After Alan Parker -- Roadwarrior, Simon Munnery evidently felt he had extracted as much mileage (literally) as possible from his Alan Parker character, and so built this next series around his other great stand-up persona, the League Against Tedium.  Despite the name, the League is in fact a single individual, though he would doubtless claim otherwise: in contrast to the ultra-left-wing Alan, the League is a fascist, clearly influenced by Nietzsche, who spends his time railing against the paucity of all other living beings and addresses his listenership with an engaging "Attention scum!  You are nothing!  Absolutely nothing!"

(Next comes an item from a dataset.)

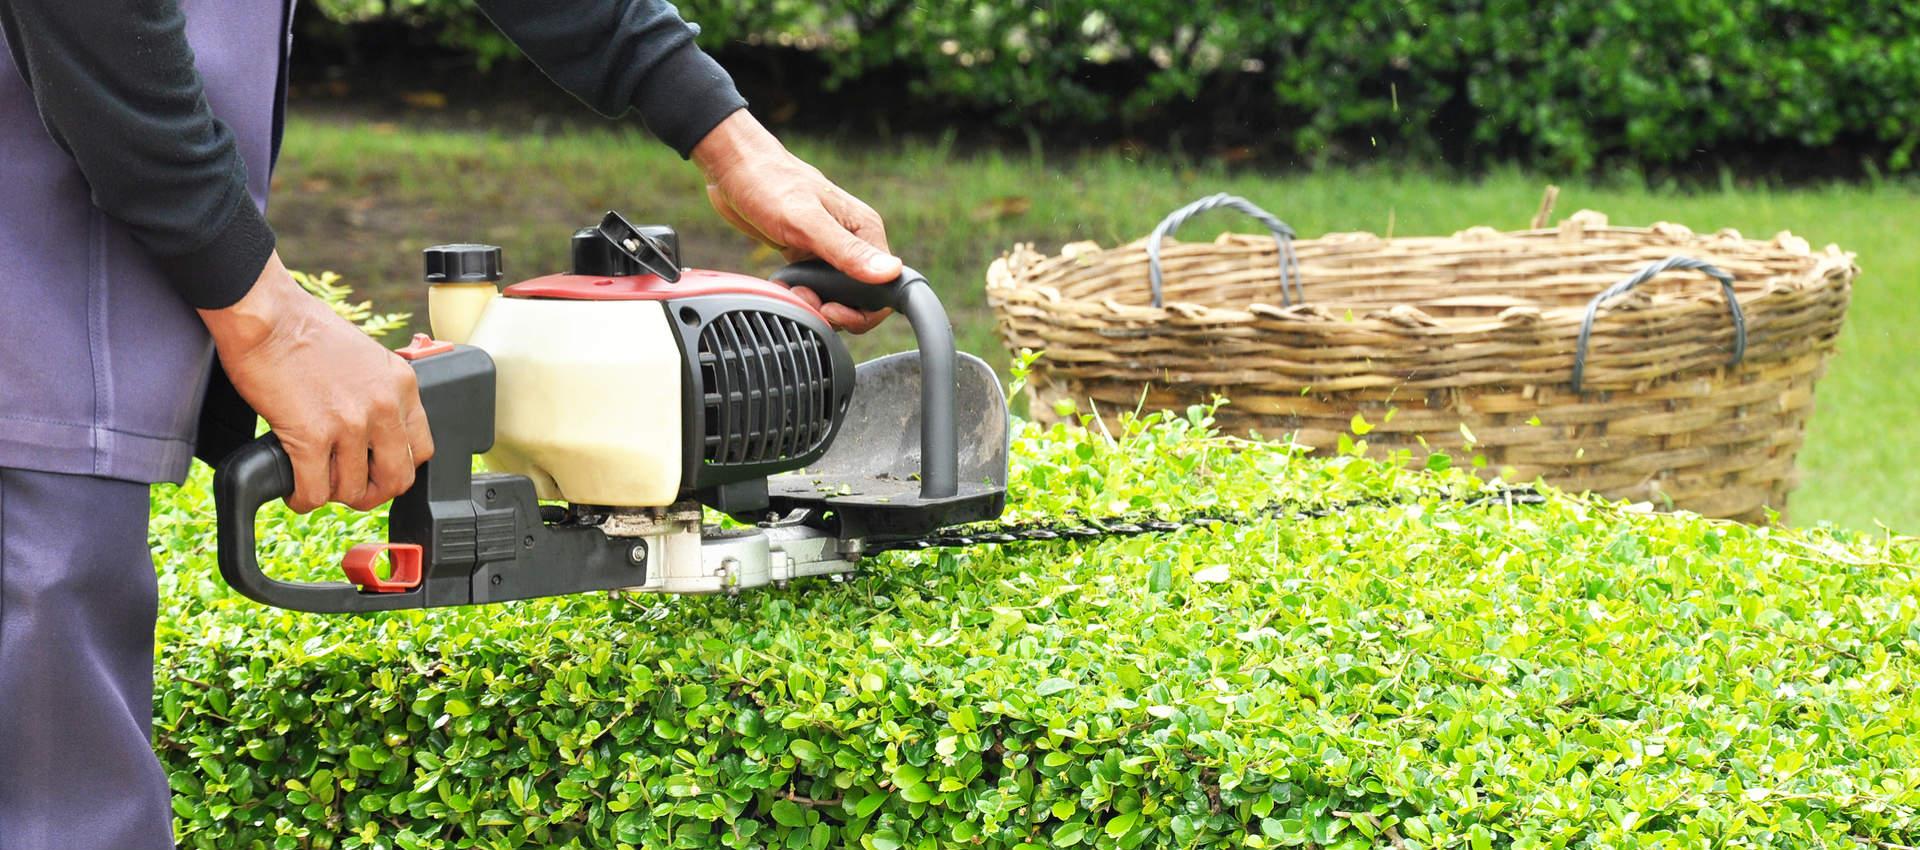 Garden Equipment Sales & Tool Hire

Munnery has been touring the character around the country for several years now, both in solo stand-up spots (he was once to be heard in the Comedy Network series) and as the compère of a bizarre stage show, entitled ‘Cluub Zarathustra’, containing other, equally strange characters performed by a team including Sally Phillips, Roger Mann, Kevin Eldon and Stewart Lee (most of whom would appear in this series).  The League’s most recent appearances, however, have been solo.

Despite their political differences, Alan Parker and the League have certain similarities: they are both shouting monomaniacs, and both have a very neat line in self-defeating slogans catchphrases.  These provided the best moments of this show: the League, unlike Alan, is never brought face to face with his own uselessness, and is thus even more bombastic and irrelevant.  "Ah dow not spik lich yow, bekoch ah am not lich yow" he proclaims, boldly affirming his renunciation of the corrupt and weak-willed phonetics of modern society.  "Some people can’t see the wood for the trees," he comments, as part of a run-down on his greatest thoughts and sayings, "I can see the wood and the trees-- and a small village beyond.  And what is more, I have a flamethrower!"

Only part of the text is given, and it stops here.